[What is being asked] Print exactly the lines below between the line containing "core_rl_magick_.dll 文件丢失？。 适用于" and the line containing "Too hot to handle?", counting both of those lines. Leave pictures out.

[Provided data]

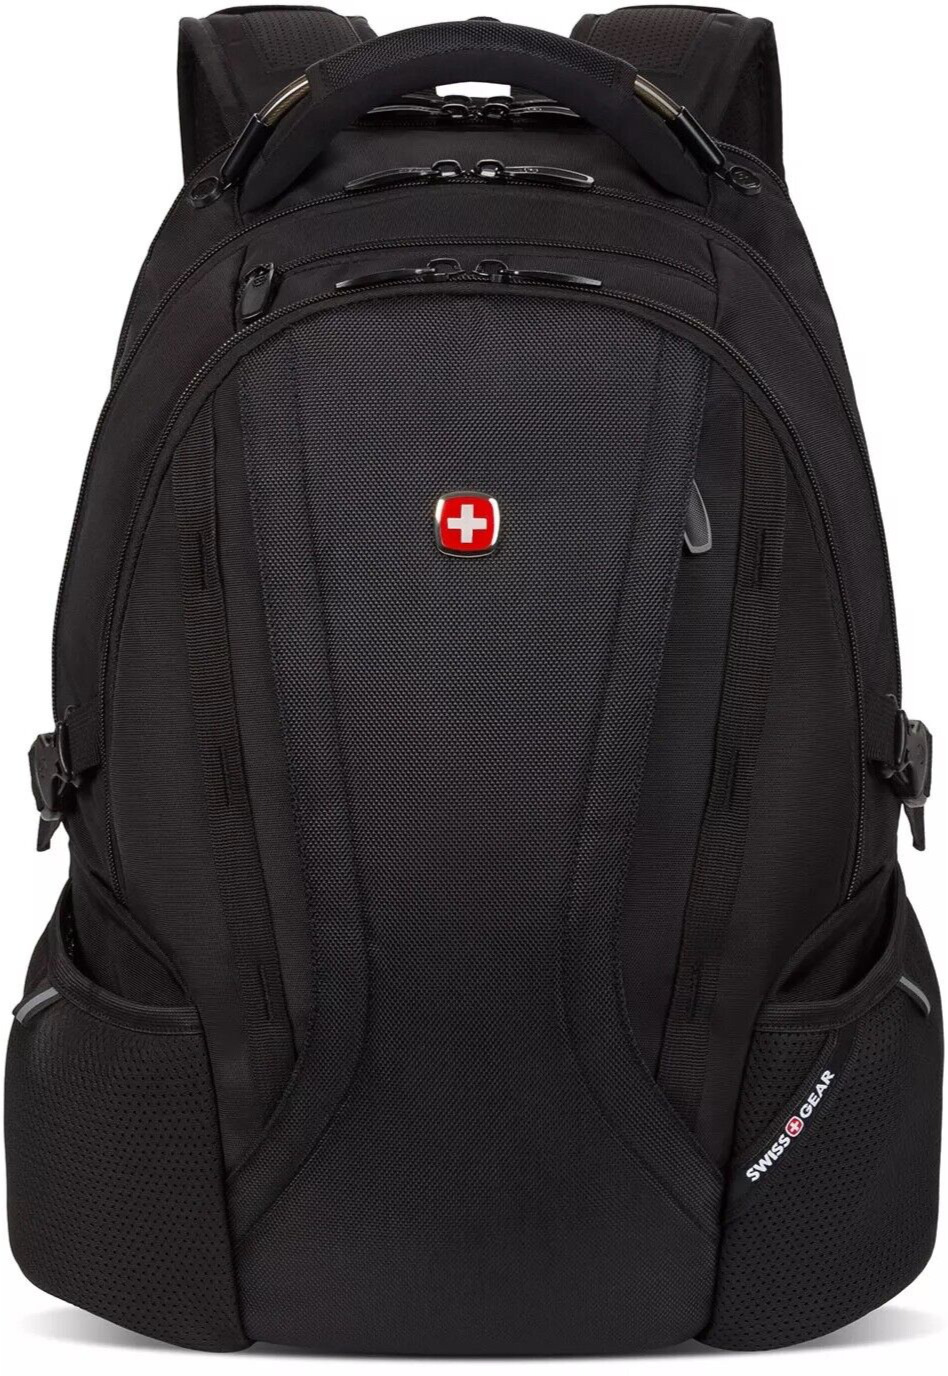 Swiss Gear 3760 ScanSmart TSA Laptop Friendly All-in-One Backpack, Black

* * *

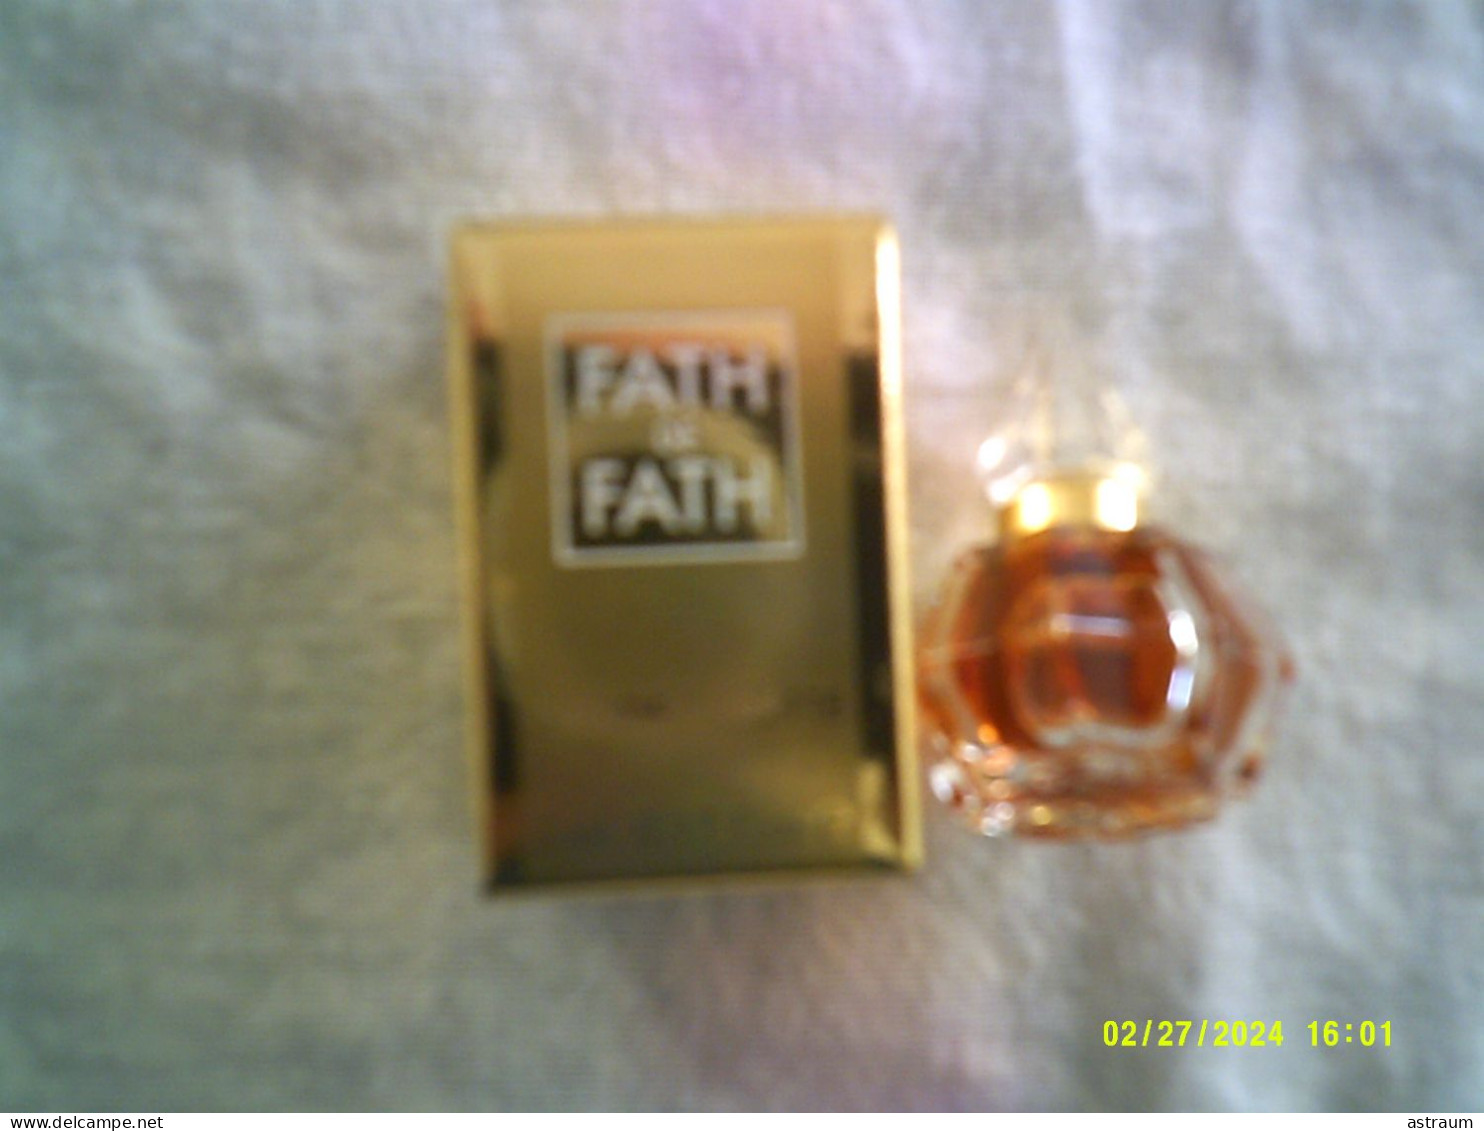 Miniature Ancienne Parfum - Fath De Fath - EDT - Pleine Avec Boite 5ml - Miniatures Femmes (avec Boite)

* * *

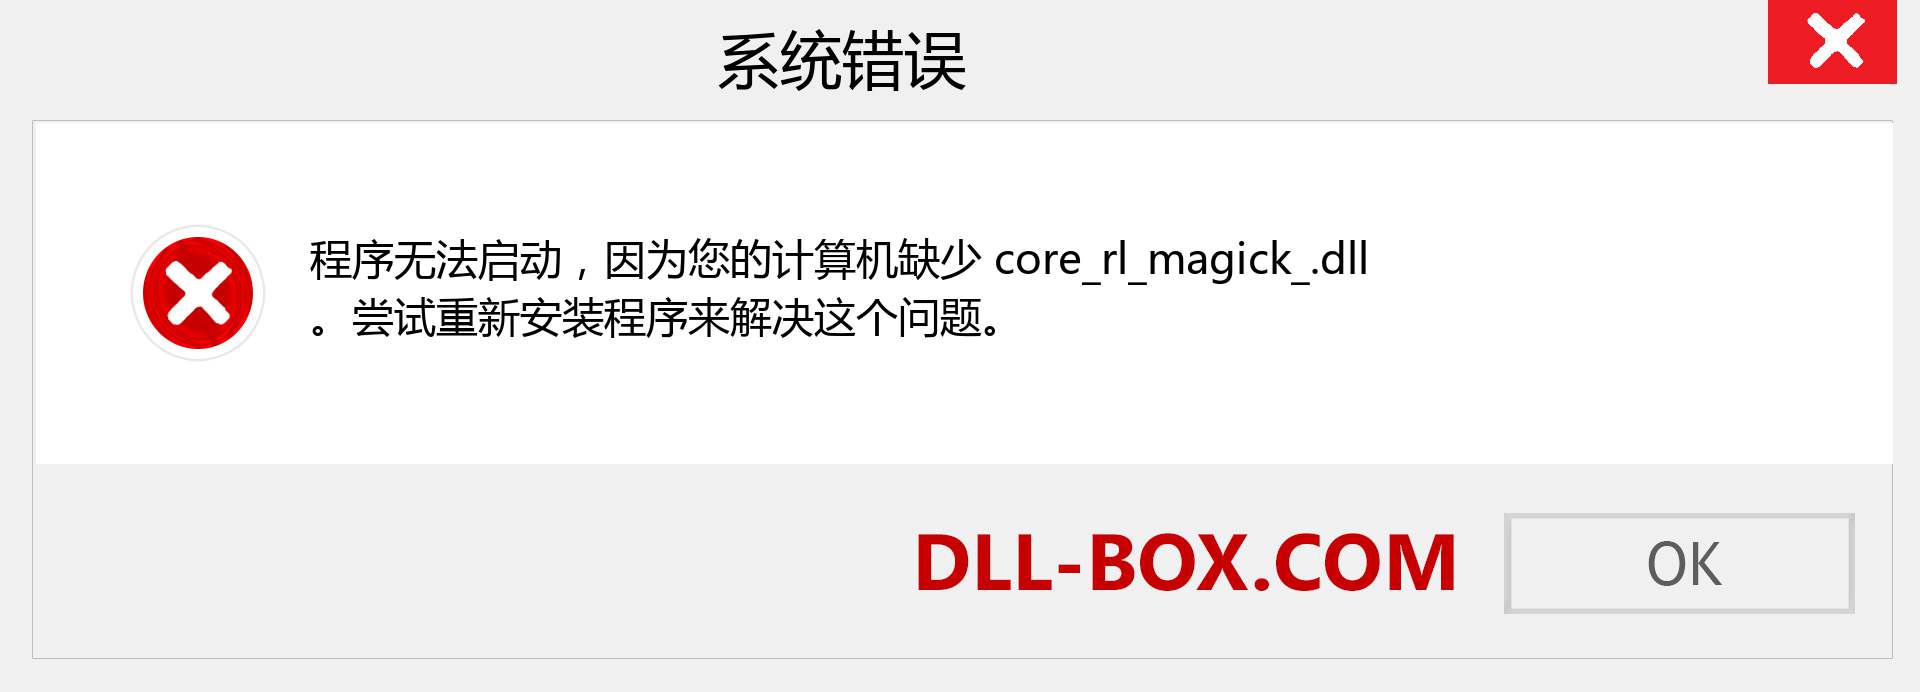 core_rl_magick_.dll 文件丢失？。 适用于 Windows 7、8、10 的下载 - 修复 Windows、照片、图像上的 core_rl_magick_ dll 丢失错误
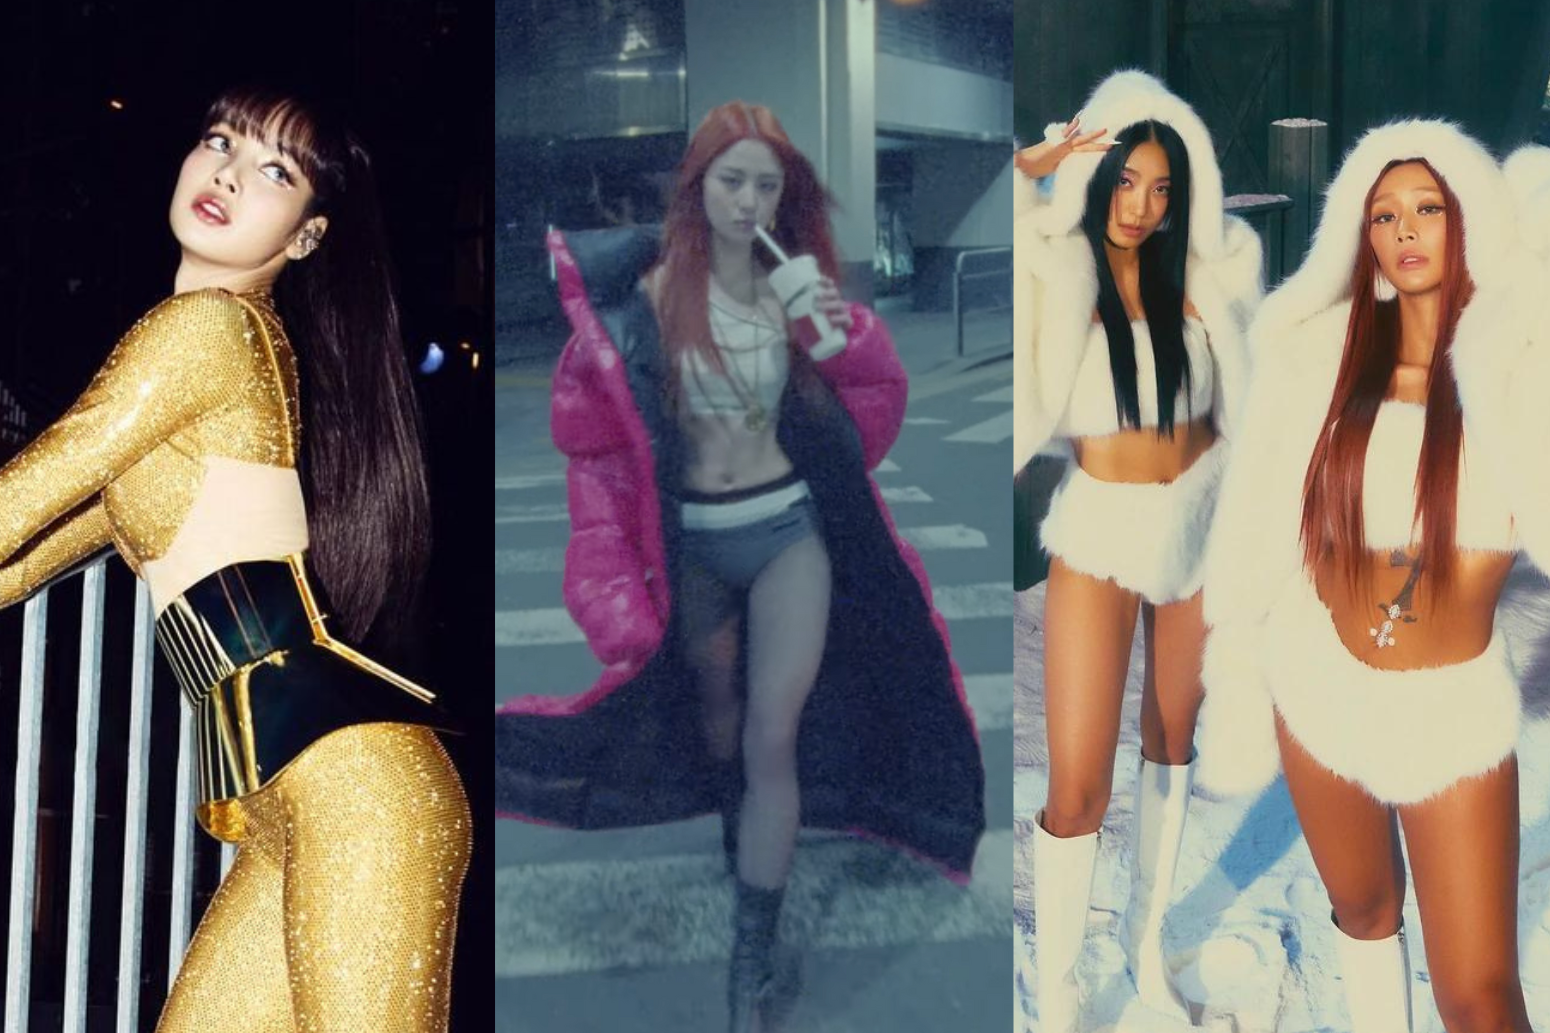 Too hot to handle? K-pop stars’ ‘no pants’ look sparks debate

[Problem solution]
 core_rl_magick_.dll 文件丢失？。 适用于 Windows 7、8、10 的下载 - 修复 Windows、照片、图像上的 core_rl_magick_ dll 丢失错误
 Too hot to handle? K-pop stars’ ‘no pants’ look sparks debate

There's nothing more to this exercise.